A dire di questa possibile necessità del dialetto,  è una sua caratteristica che forse ho capito solo dopo questa lettura: e cioè il compito di slacciarsi da una lingua ufficiale e  per giunta imbastardita come l’italiano: non perché il suo male consista nell’essere lingua mutante e invasa, cosa che, del resto, è sempre avvenuto e avviene nella storia dell’evoluzione delle  lingue – ma perché la lingua delle scuole, della televisione e dei giornali, non è più la lingua che si parla dentro la casa, dove le cose hanno nomi familiari e non mutano per invasione ma piuttosto trattengono, ricordano incessantemente, contribuendo così a preservare un paesaggio, e non solo linguistico.

Il tono di questo libro, appunto, è quello di un “poetico” che non coincide col “lirico”, se siamo disposti ad accettare che anche la lirica è genere, mentre il poetico è, in modo più complesso, lo sguardo che si pone limpidamente davanti alle cose e non le nasconde.  –  uno degli aspetti più interessanti che si potrebbe indagare a proposito di questa scrittura, è l’irrilevanza dell’apparto retorico “poetico” –.

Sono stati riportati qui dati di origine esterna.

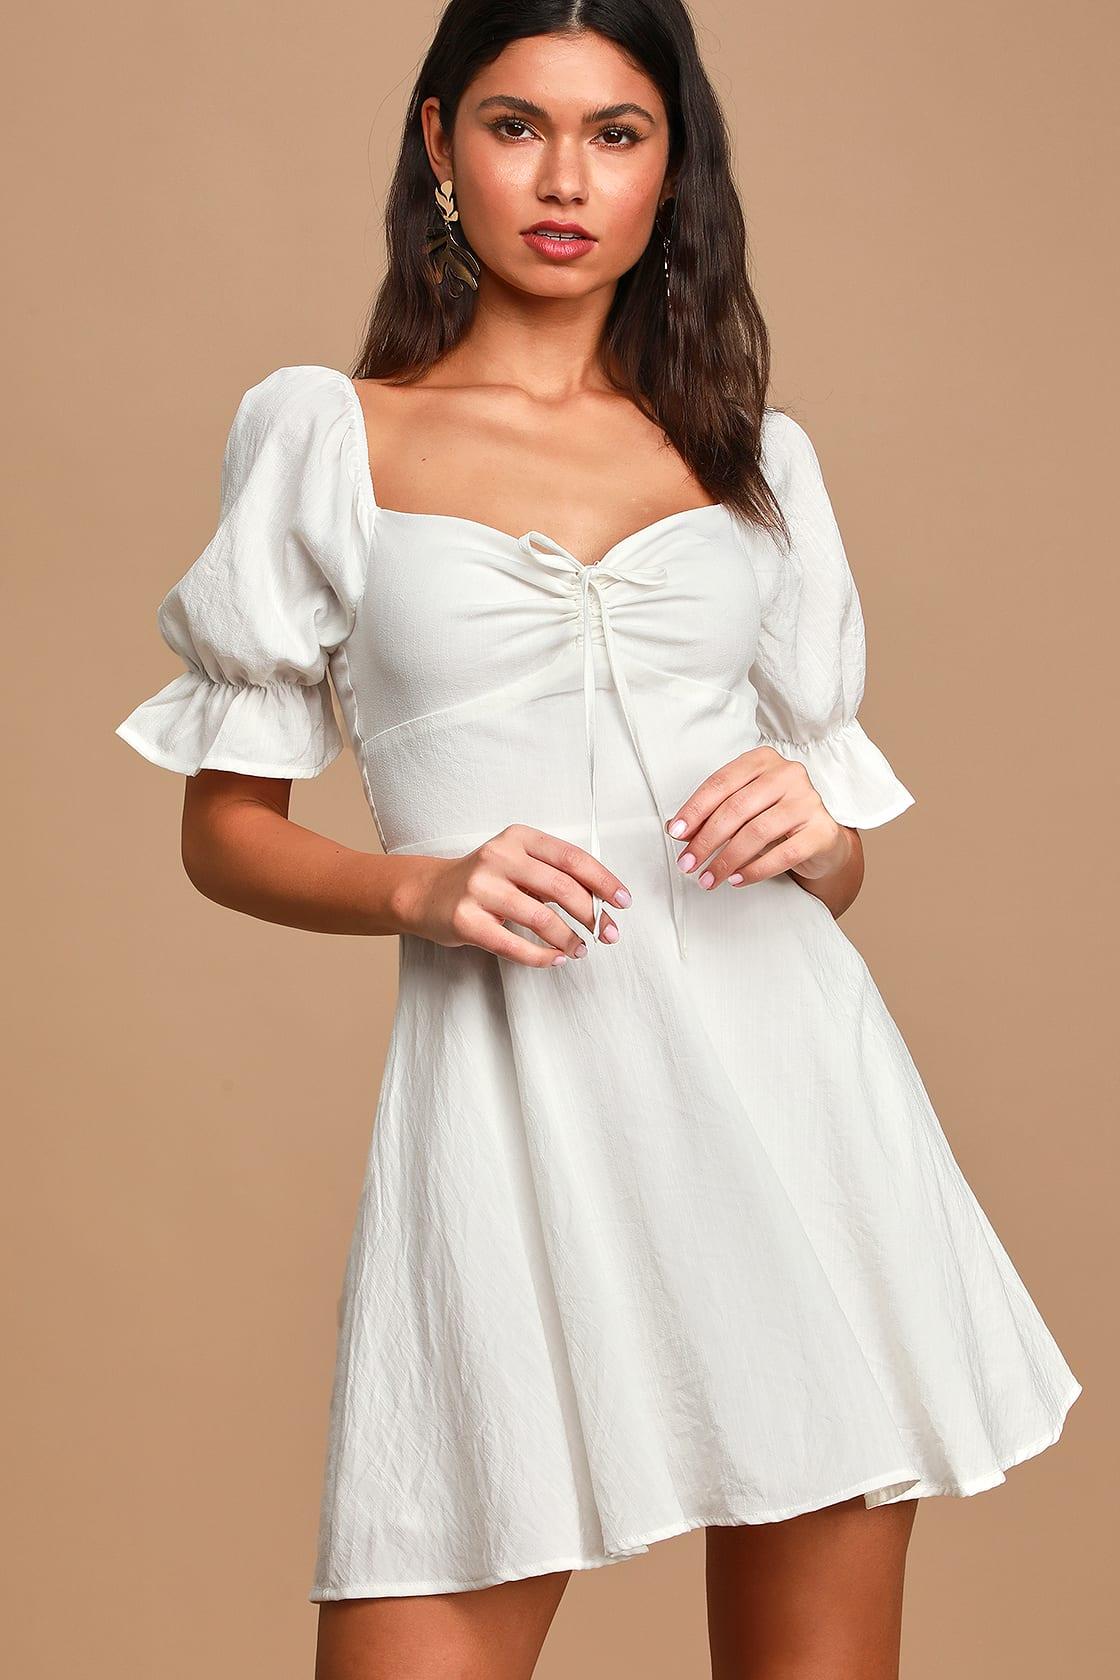 Cute casual white dress
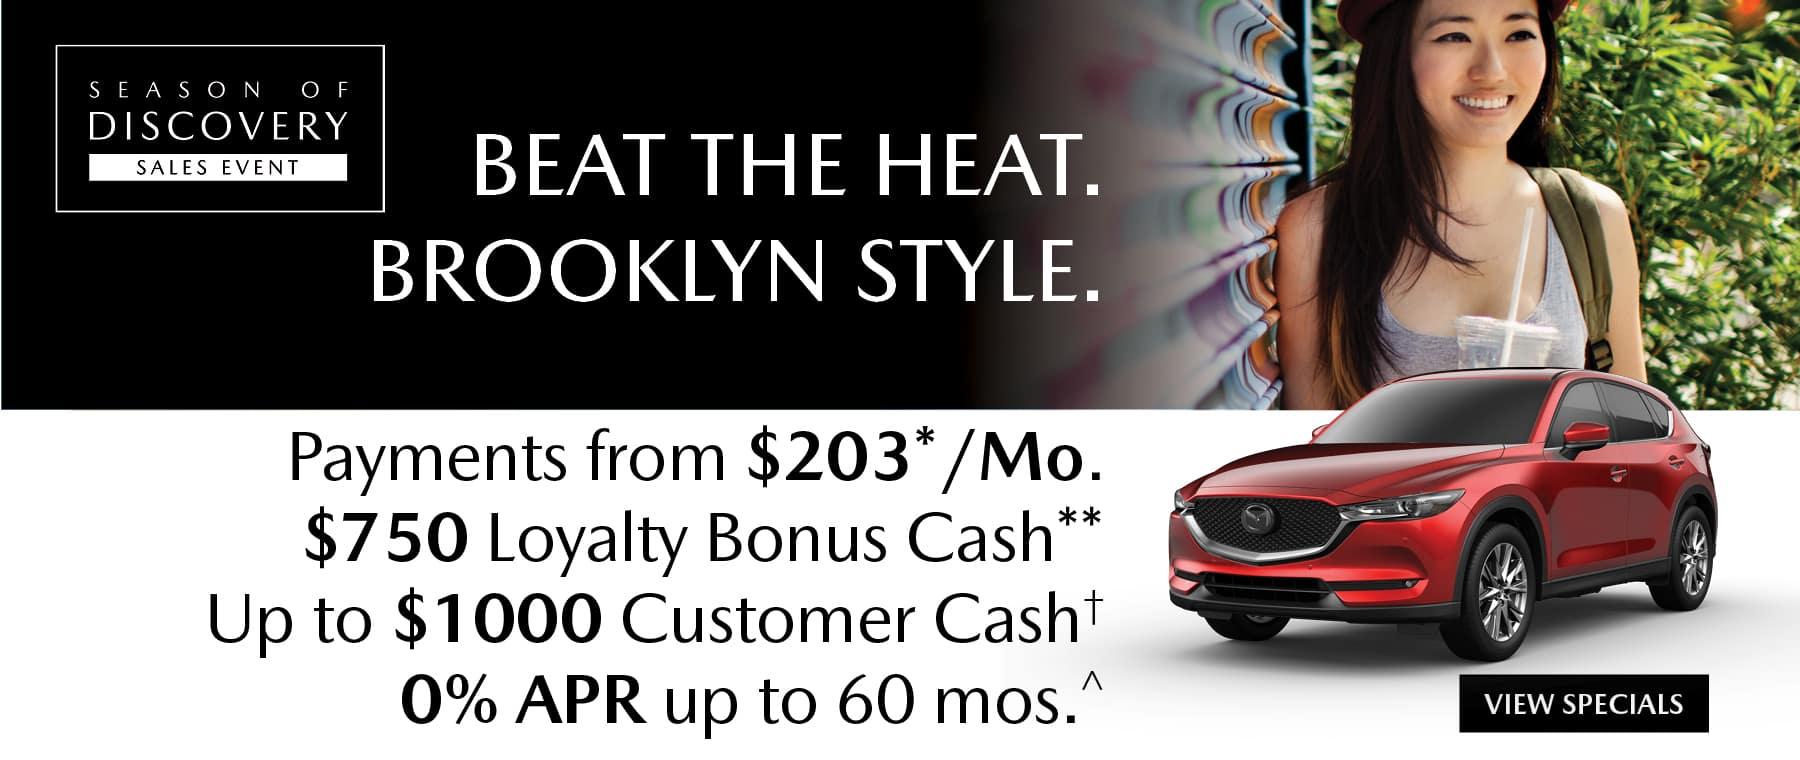 BRMA-1491 Beat Heat 1800x760_Generic

Il poetico, o il lirico, e a questo punto non si fa più alcuna differenza, proprio perché non si percepisce la giustapposizione retorica del PIROBUTIRRO GADDUS, lo leggiamo nello splendido finale in cui tutti i personaggi dell’infanzia vengono evocati come in un coro, e la nonna Angelina chiama il suo nipotino al viaggio, con parole che mi hanno commosso – si può ancora dire? – e che qui riporto per intero:

ULONA

Ma pian piano nel buio nelle case

si aprono porte e finestre

di luce e le persone si incontrano tutte per strada –

ecco lì il Cumén ombrellaio, il Canòn,

il Segiuné, il Ragnècu e il por Parö,

il Pepp e – oh gente chi

c’è! –  il pà Luigi,

la Maglia il Dazi e la Biaja il Chichinetu

e gli Stévan, ci sono tutti, e dal Bisbèrgual

scendono insieme alla ferrovia.

LA NONNA ANGELINA

Lascia pure a casa il tuo giubbetto, piccolo caro,

e anche i calzoni, le scarpe, tutti i vestiti,

vieni via così, che tanto dove

stiamo andando è un posto più lontano

e più freddo della Transiberiana,

o più caldo, non lo so, e se la strada è lunga,

e incontrerai per strada persone

che con sicumera e un sorriso

stitico ti diranno “Dio” oppure “Nulla” come

fosse una spiegazione –  la spiegazione

sono i loro modi, ma tu badaci

senza esagerare, che la tua lingua si muova

come la punta della fiamma che hai dentro,

che anche la mattina presto d’inverno

ci sono i fiori di gas dei fornelli accesi,

i girasoli blu che seguono il buio,

e perfino la ferrovia abbandonata

sembra una scala d’argento e d’oro

che muore via verso le smagliature del buio:

e ora guarda quella roncola arrugginita

lasciata al bordo della strada da un contadino,

sta lì calma come un punto di domanda;

e guarda la porta dell’imbianchino

che adesso è nera ma domani è blu

quando il sole la rivestirà di uno strato di luce,

come adesso in cielo e in mano c’è la luna

splendente come una maniglia di ottone.

ULONA

L’Olona e la sua gente hanno cantato le loro canzoni;

il resto domani, se salirà ancora il fiato del mondo.